Carney was at pains to point out that while the economy had been resilient in the immediate aftermath of the referendum vote last summer, there would still be tough times ahead. Interest rates would remain low for a long, long time, sterling would remain weak, and there was not much chance of any rise in living standards while the economy adjusted. He took a well-aimed swipe at Boris Johnson, arguing that Brexit was unlikely to be a land of ‘cake and consumption’.
Meanwhile Philip Hammond stressed the need for a pragmatic, orderly departure. He accepted that we would be leaving the Customs Union alongside the EU. But he made the point that jobs and living standards should be the priority, and if that meant being flexible, not to mention a little humble, as the haggling with Brussels unfolds, then so be it. In effect, the two men are becoming the leaders of Project Soft Brexit.
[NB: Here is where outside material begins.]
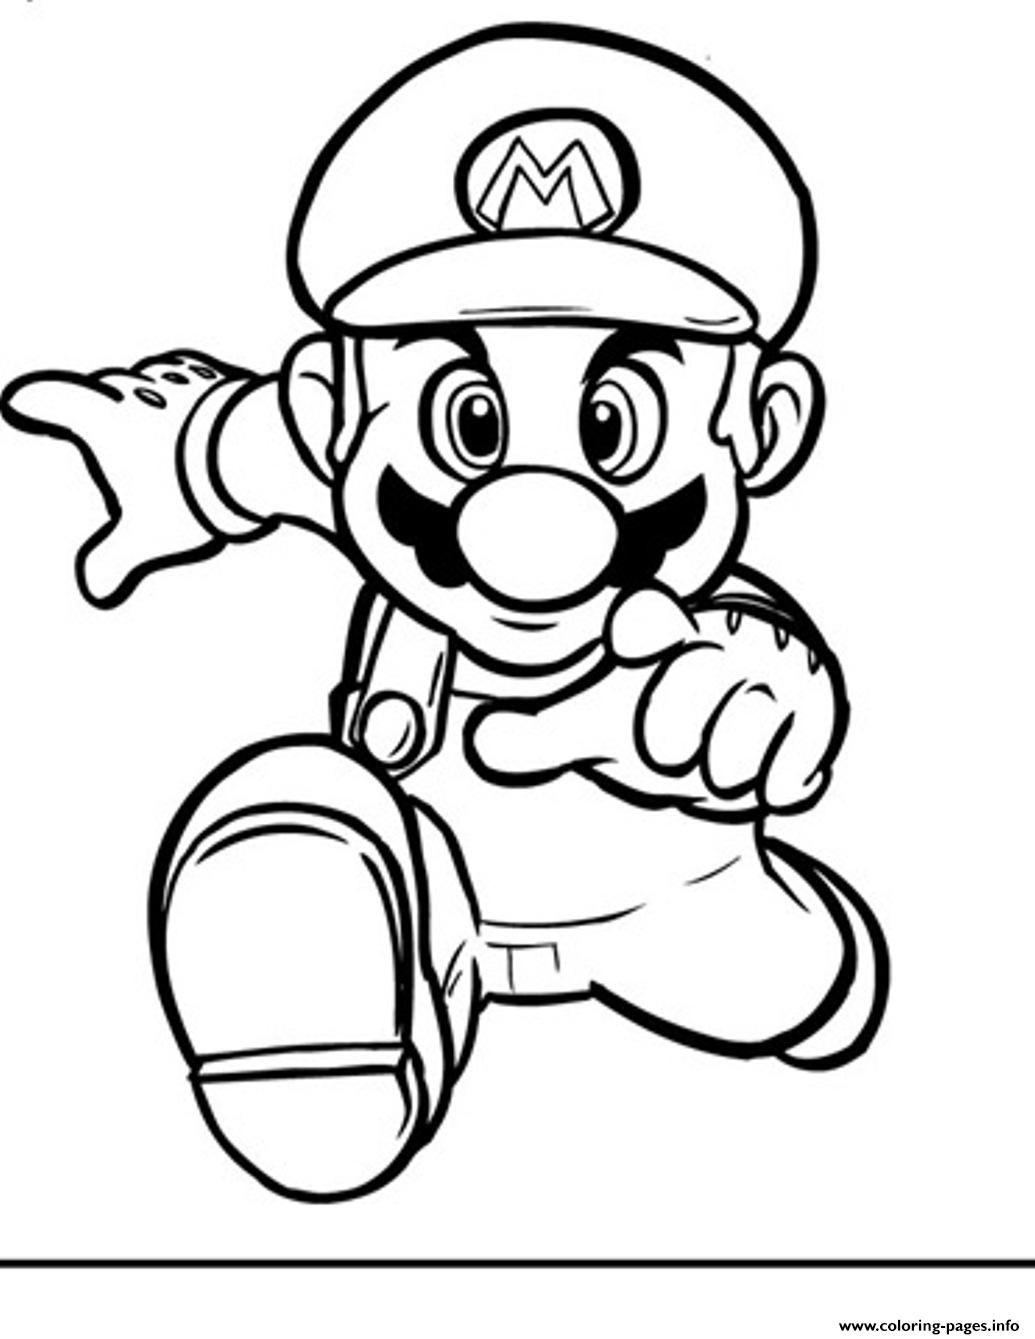 Print Running Mario Bros S2394 Coloring Pages | Mario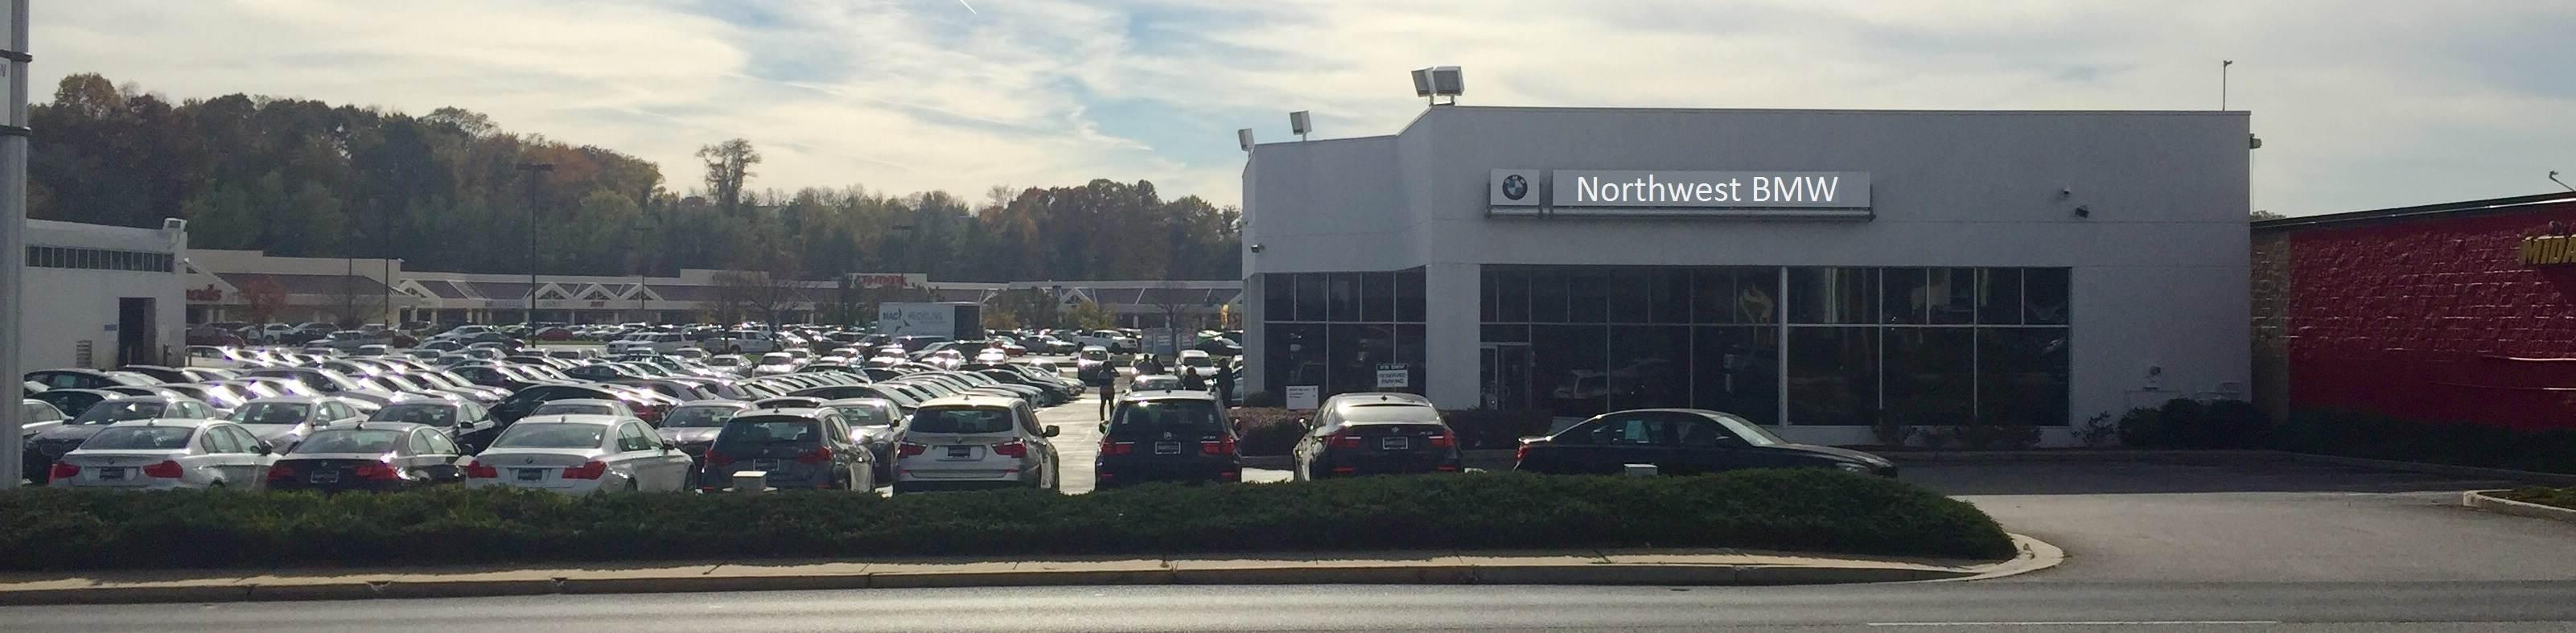 Northwest Bmw New Bmw Dealership In Owings Mills Md 21117

In fairness, both seem to have learned the lessons of Project Fear, their last and not terribly successful outing. The heavy jackboots have gone. Lurid, over-hyped warnings of imminent collapse no longer feature nearly so prominently. Nor are there going to be so many precisely calculated forecasts of factories closed and jobs lost.
But if they are to be successful, both men need to carry the country with them. What will that involve? They should make it clear they see some upsides to leaving the EU, acknowledging that while some companies will move jobs, offices and factories, others will want to come here. They should use a bit more humour, and have the grace to acknowledge that some of their past forecasts were, to put it mildly, a little wide of the mark. And they should spell out that ‘transitional’ arrangements’ are precisely that – a staging post to somewhere else, and not a backdoor attempt to smuggle the UK back into the EU in the middle of the night when no one is paying any attention.
In truth, most of the country would be perfectly happy with a Soft Brexit right now. All Carney and Hammond really need to do is convince the remaining members of the EU not to be too over-the-top in their financial demands, and then convince British voters that they view extricating ourselves from the EU more as a process than a single event. It is perfectly possible – but there is a long way to go yet.